Nina’s Euro Blog 2023: Chasing Art in Paris
Paris is not very user-friendly this spring because ongoing strikes are affecting daily life to a great degree. I was planning to see Vermeer’s The Astronomer—a painting that was not included in the loan exhibition at the Rijksmuseum—which is often described as a “companion” to The Geographer, featuring the same model and a similar scientific setting.
I showed up at the Louvre, ticket in hand, to find the pyramid entrance blocked by both the striking union members as well as throngs of disappointed tourists. The closure had not been announced on the museum’s website, so we all just waved to the pyramid from afar.
So … I turned around and made my way toward an exhibition of Giovanni Bellini at the Jacquemart-André museum, which excels at showcasing Italian masters, the specialty of their collection. Bellini was a Venetian artist whose Madonnas are particularly celebrated, and the show assembles some of the most exquisite examples of Bellini’s range in painting the canon.
His Madonna and Child loaned from Berlin (above) seduces with clean, strong primary colors. Venice, the old center of pigment trade, could provide its artists with the best quality reds and blues in the Renaissance art world. In this painting, the vibrant hues attest to Bellini taking full advantage of what Venetian color vendors could offer.
The Madonna loaned from a museum in Verona was painted in the same period (about 1475), but this imagery is entirely different. This Madonna is clad in a dark cinnabar cloak instead of the customary blue. The background is pale, so the viewer’s attention is not drawn as much by the strong colors as by the mastery of the drawing. Here is a detail of the intertwined hands of the mother and the baby:
The Giovanni Bellini exhibition runs at the Jacquemart-André museum between March 3 and July 17, 2023.
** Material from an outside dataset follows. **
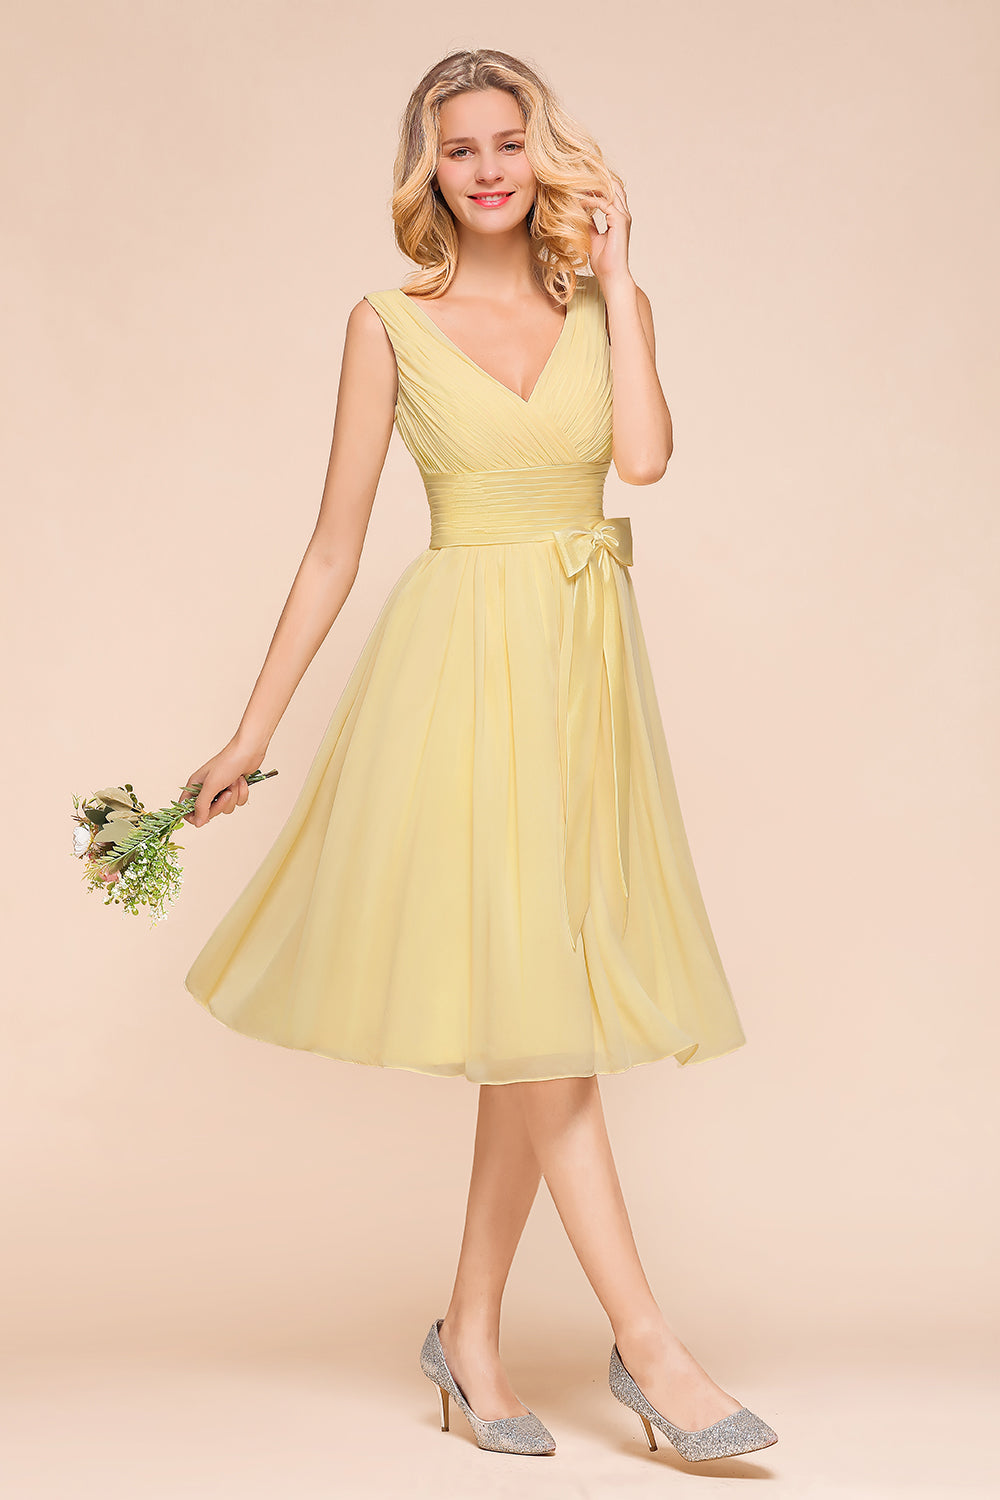 Classy Short A-line Chiffon Wide Straps V-neck Bridesmaid Dress With Bowknot-BIZTUNNEL

The Musée d’Orsay is currently holding two exhibitions: Pastels: From Millet to Redon (March 14–July 20) and Manet / Degas (March 28– July 23), both very interesting and highlighting the depth of the museum’s collection. However, I was happiest to see two new acquisitions that arrived at the museum in 2022. Both of these large canvases were painted by Gustave Caillebotte, an artist I call an “unappreciated Impressionist.” The first canvas, entitled Sunflowers, Garden at Petit Gennevilliers, is a large (3-foot tall) and bold garden picture, where the bottom part is dominated by Caillebotte’s favorite flowers. He painted sunflowers several times but probably never as large and imposing as in this painting. In this canvas, the viewpoint is very low, almost at ground level, so the house becomes a red and cream background to the yellow circles that loom gloriously in the front.
The second newly acquired painting is called Boating Party (La Partie de Bateau), which is a compositional tour de force—a painting that has several vanishing points thanks to the narrative device of boating. There are also many triangles in this picture—the boat’s oars and arms that hold them, the prow, the perspective of the river and banks, and even the legs of the boater all draw a triangle. Caillebotte was trained as an architect, and his compositions have structural elements that were carefully planned.
I finally made it to the Louvre a few days later. However, Vermeer’s The Astronomer was not there—it had been sent to Abu Dhabi.